The sheriff tapped the gun hanging at his side.

‘I’ll put an end to you first, Bristol. I’ve seen you spoil everything you’ve touched. I ain’t going to see you spoil her face–not while I’m wearing a gun!’

Jack Bristol gasped, as one immensely surprised. Anger followed more slowly. ‘You damned blockhead!’ he fumbled for words. ‘Stop me with a gun–me?’

His right hand trembled down to his own weapon and came away again. He whipped out Bull Durham and brown papers and rolled himself a smoke which he lighted and walked hurriedly up and down the room, a wisp of smoke following him and banking up into a little cloud when he turned.

‘Get out, Harry!’ he implored the sheriff. ‘Get out before something happens. I know you’re a good fighter. Everybody around these parts thinks that you can’t be beat. But you know and I know that I’m faster and straighter with a gun. I dunno what’s got into your crazy head. Are you hunting for a way to die?’

‘It don’t make no difference,’ said the sheriff. ‘I’ve come here to make you promise that you’d give up Maude. If I couldn’t persuade you to do it, I was going to make you. And that goes! I’d rather see you dead and me hanging for the murder than to have Maude’s life ruined. What are both of our lives compared with hers?’
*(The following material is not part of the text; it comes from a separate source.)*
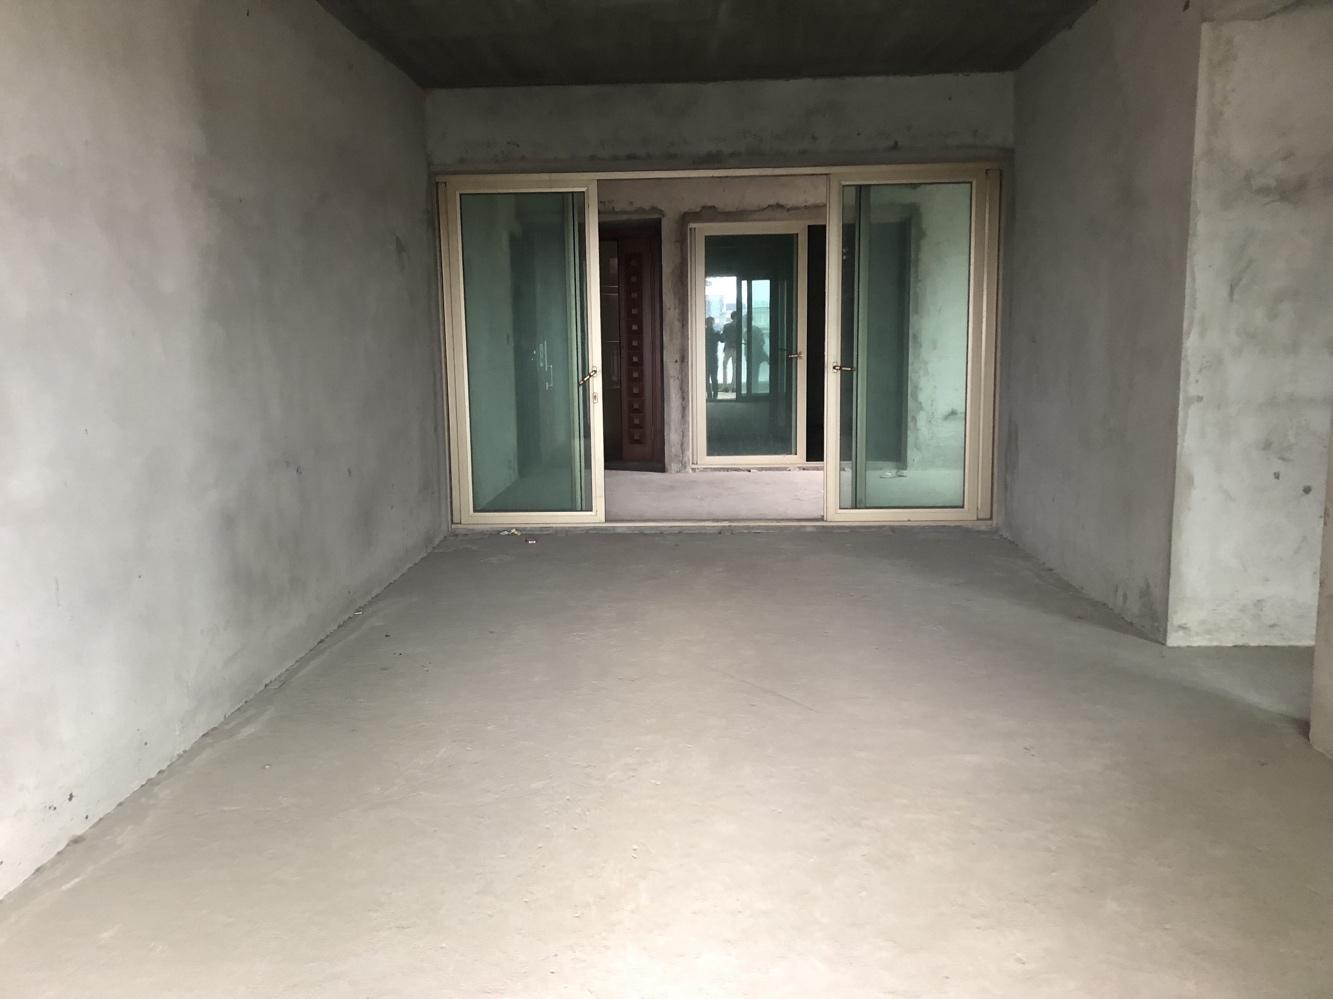 锦东花园A区 毛坯3房 中层 东南向 户型实用 随时看房

‘Harry, go home and think it over,’ said Jack Bristol. ‘You ain’t talking sense. You know you can’t budge me. You ain’t man enough. You never were!’

‘Answer me one way or the other, Jack. Will you give her up? You know that even if you had her you couldn’t be true to her. You ain’t made that way. All your life the girls have talked soft to you. You’ve had your way paved with smiles. They don’t mean nothing to you. Maude would be getting the first wrinkles before long. And then you’d be through with her. I know how it’d be. You’d leave her. You’ve never stuck to the same girl for a whole summer. Ain’t that a fact? So I ask you–will you give her up?’

‘I’ll see you damned first!’

‘Then God help one of us!’

He pitched himself to one side while a swift flexion of hand and wrist brought out the Colt. It began spitting fire and ploughing the floor with lead. The first bullet split a board at the feet of Jack Bristol. The second, as the gun was raised, was sure to drive into the body of Jack himself. But before that second shot a forty-five calibre slug struck the sheriff in the breast and knocked him against the wall.

He recoiled, gasping, fired from a wobbling hand a bullet that tore upward through the roof, and then dropped upon his face.